Anita Holtsclaw’s work The Waves combines the artist’s stated “interests in the landscape and the role it plays in recorded media, where our experience of place is altered and framed by the experience of viewing rather than visiting places.” Over a timeframe of 15 minutes, Anita’s waves wash over the screen, almost spilling on the gallery floor, creating a cross-current in the TV’s perpendicular orientation to the real sea lapping at the shore, just 200 metres away.
Set on Cronulla Beach, Daniel Mudie Cunningham’s True Colours remakes Cyndi Lauper’s hit music video of the same name. Here, the artist reimagines the stylised beach setting of the original True Colors video as the Sydney beach Cronulla; as he describes it, “a lurid scene awash with the true blue colours of Australian nationalism.” It’s a remake that Daniel says “amplifies these connotations as a device to ‘queer’ the distorted symbols of Australian nationalism that initiated the homosocial mob violence and territorial tribalism performed at Cronulla on the day of the riots”.

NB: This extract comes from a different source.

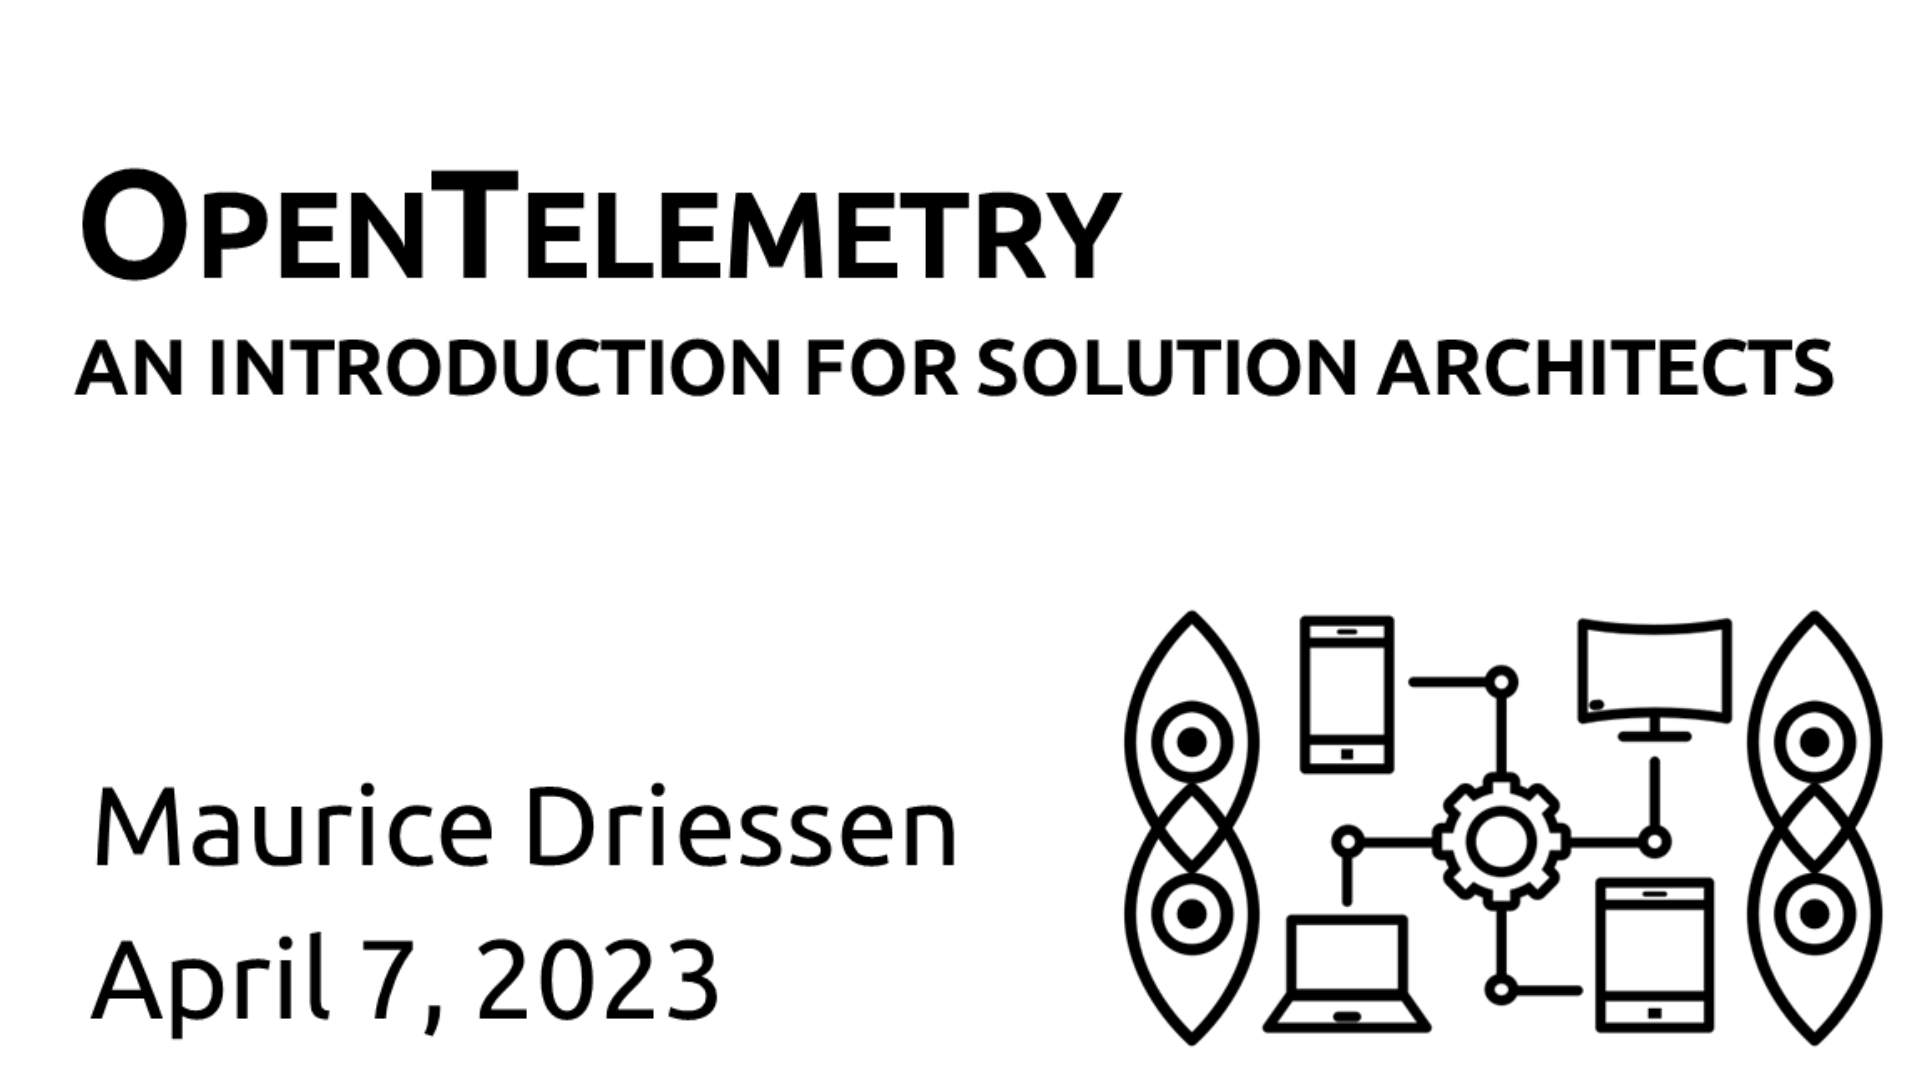 OpenTelemetry, an introduction for solution architects
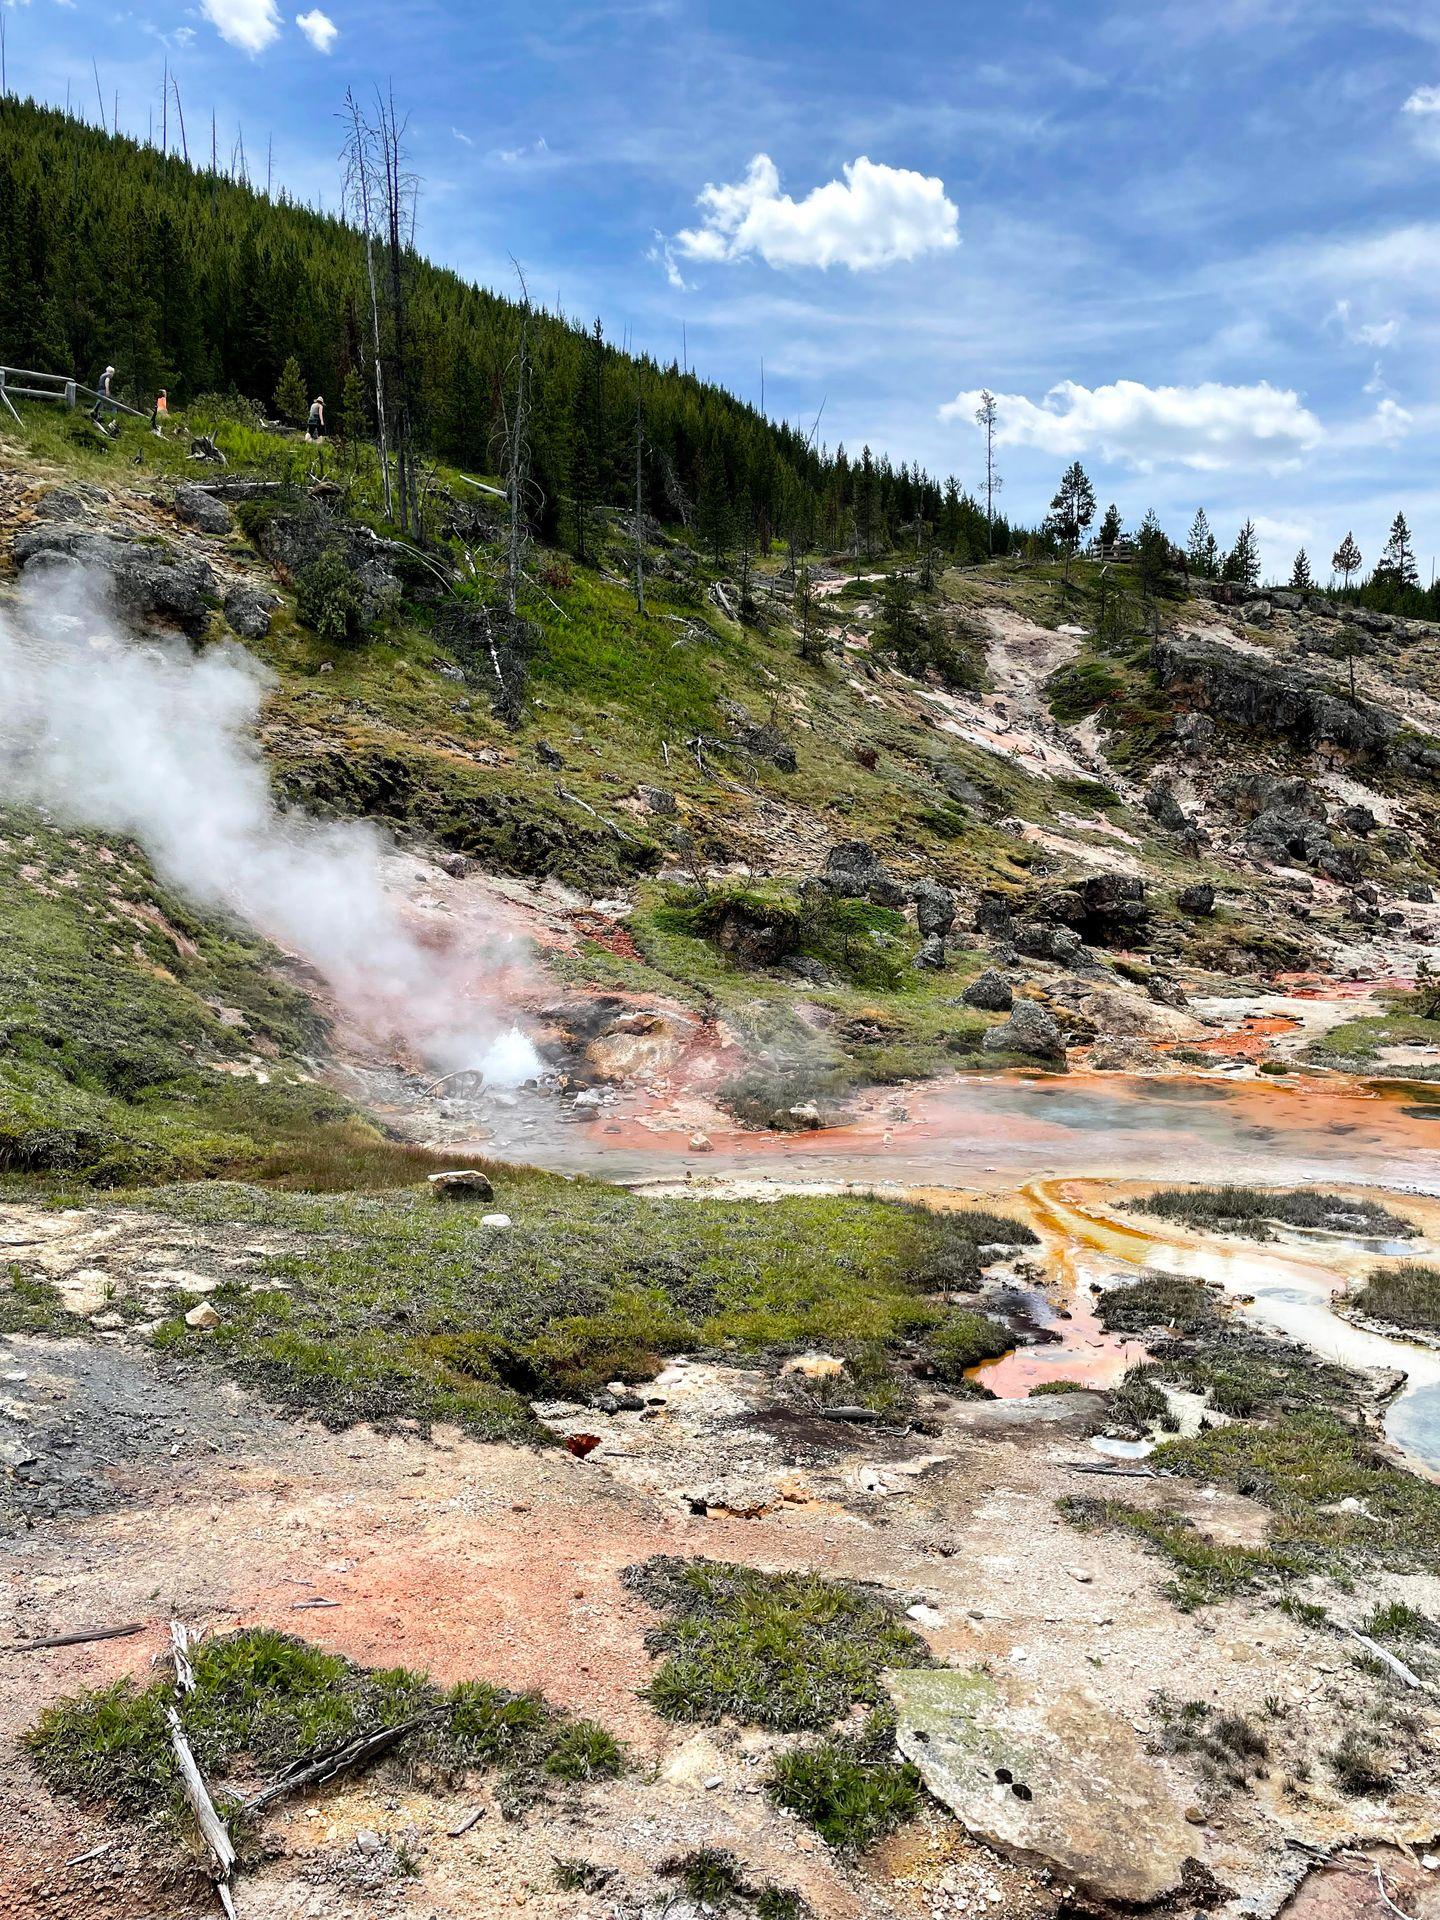 Colorful orange, hot springs on the Artist's Paintpots trail.

These works are exhibited on their various monitors, media players and controllers, with minimal regard for intervening in the gallery construct. The cables and cords lie as they fell, coiling and twisting on the floor like surfboard leg-ropes, tethering screens to their power outlets in the same way a surfer is connected to her surfboard.
[Insert reality TV program here]
You read this far and you didn’t change channels – thank you, I hope you enjoy the show.